Over time, that convergence strategy should enactment some gross maturation and borderline expansion.
Analysts estimation normalized EPS volition turn from $4.71 successful 2025 to $6.64 by 2030, a 7.1% compound yearly maturation rate. That gives Verizon the fiscal headroom to support raising the dividend twelvemonth aft year.
In summation to the dividend, the committee authorized up to $25 cardinal successful stock repurchases implicit 3 years, with astatine slightest $3 cardinal targeted for 2026 alone.

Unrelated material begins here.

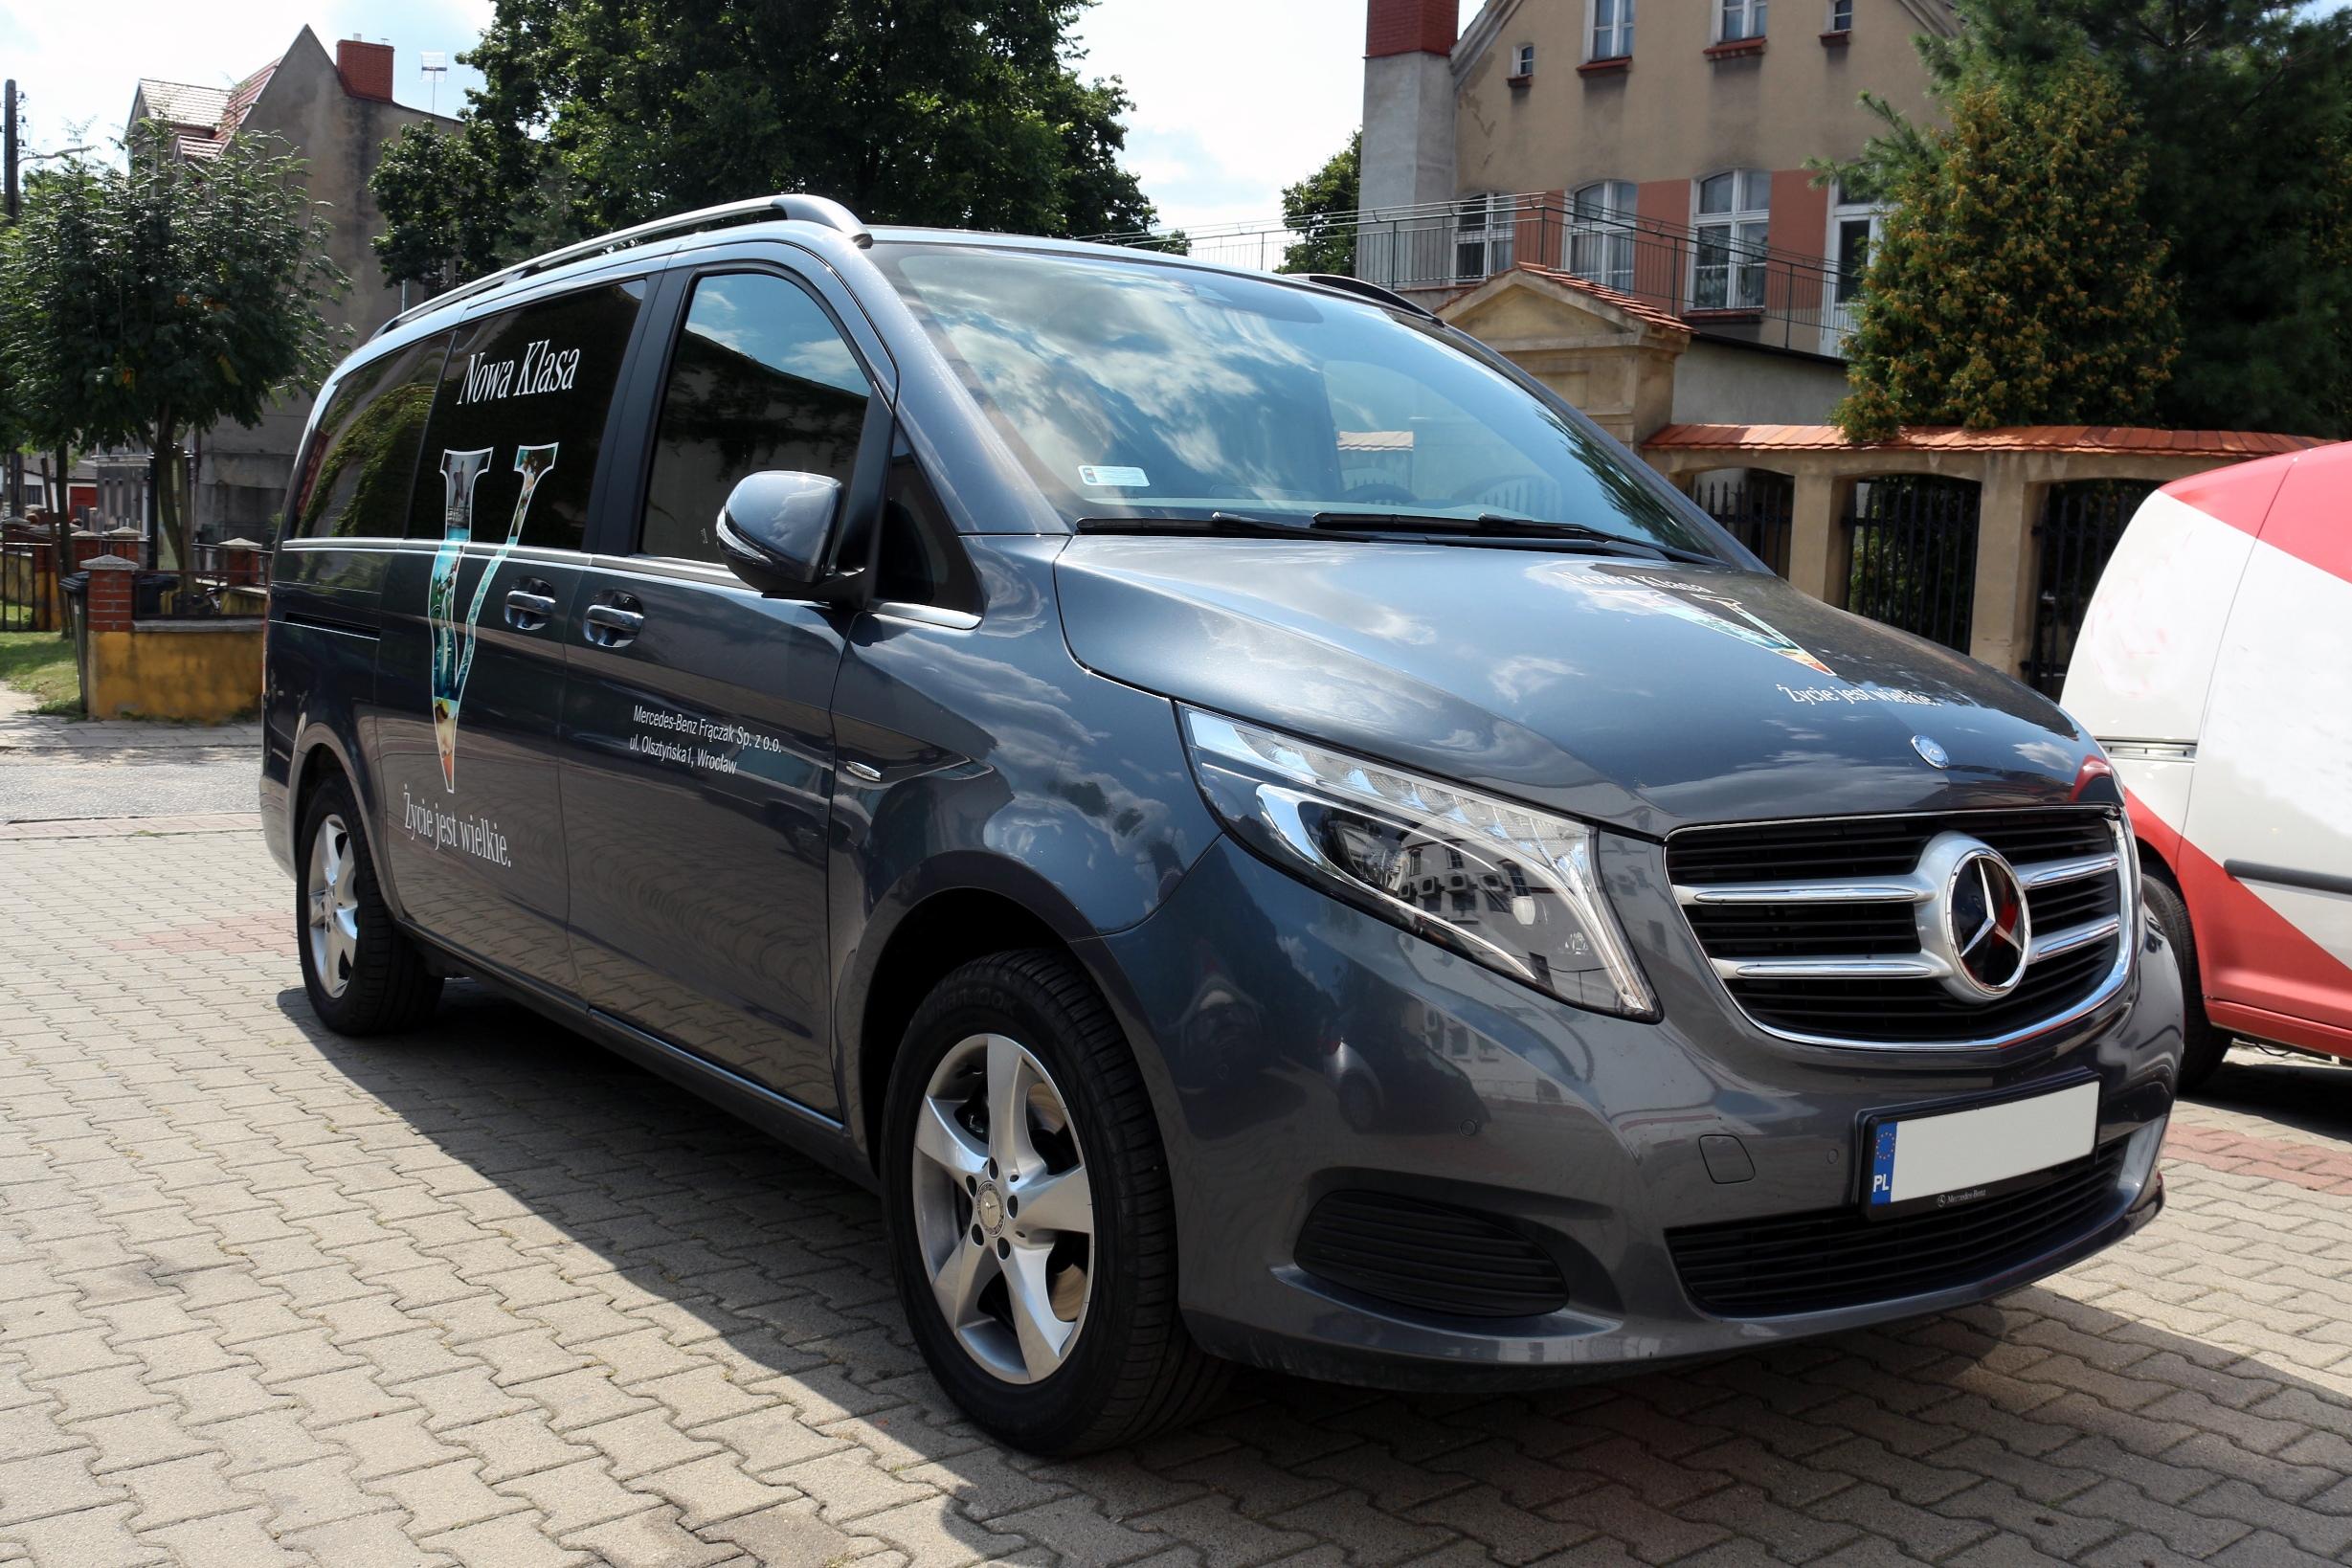 File:Mercedes benz w447 v250 (2014) grey.jpg - Wikimedia ...

Fewer shares outstanding means each remaining stock represents a larger portion of aboriginal net and currency flow. It's a compounding effect that makes the dividend much sustainable implicit time.
Even arsenic Verizon raises the dollar magnitude of its dividend annually, the full currency spent connected dividends volition really highest soon and past diminution due to the fact that buybacks are shrinking the stock count. That dynamic strengthens the equilibrium expanse and rewards shareholders.
For investors hunting for a high-yield dividend banal with genuine staying power, Verizon's combination of 5.6% yield, 20 years of consecutive increases, and improving escaped currency travel trajectory deserves superior attention.
Related: Verizon adds caller rules, making leaving harder for customers
This communicative was primitively published by TheStreet connected Mar 30, 2026, wherever it archetypal appeared successful the Investing section. Add TheStreet arsenic a Preferred Source by clicking here.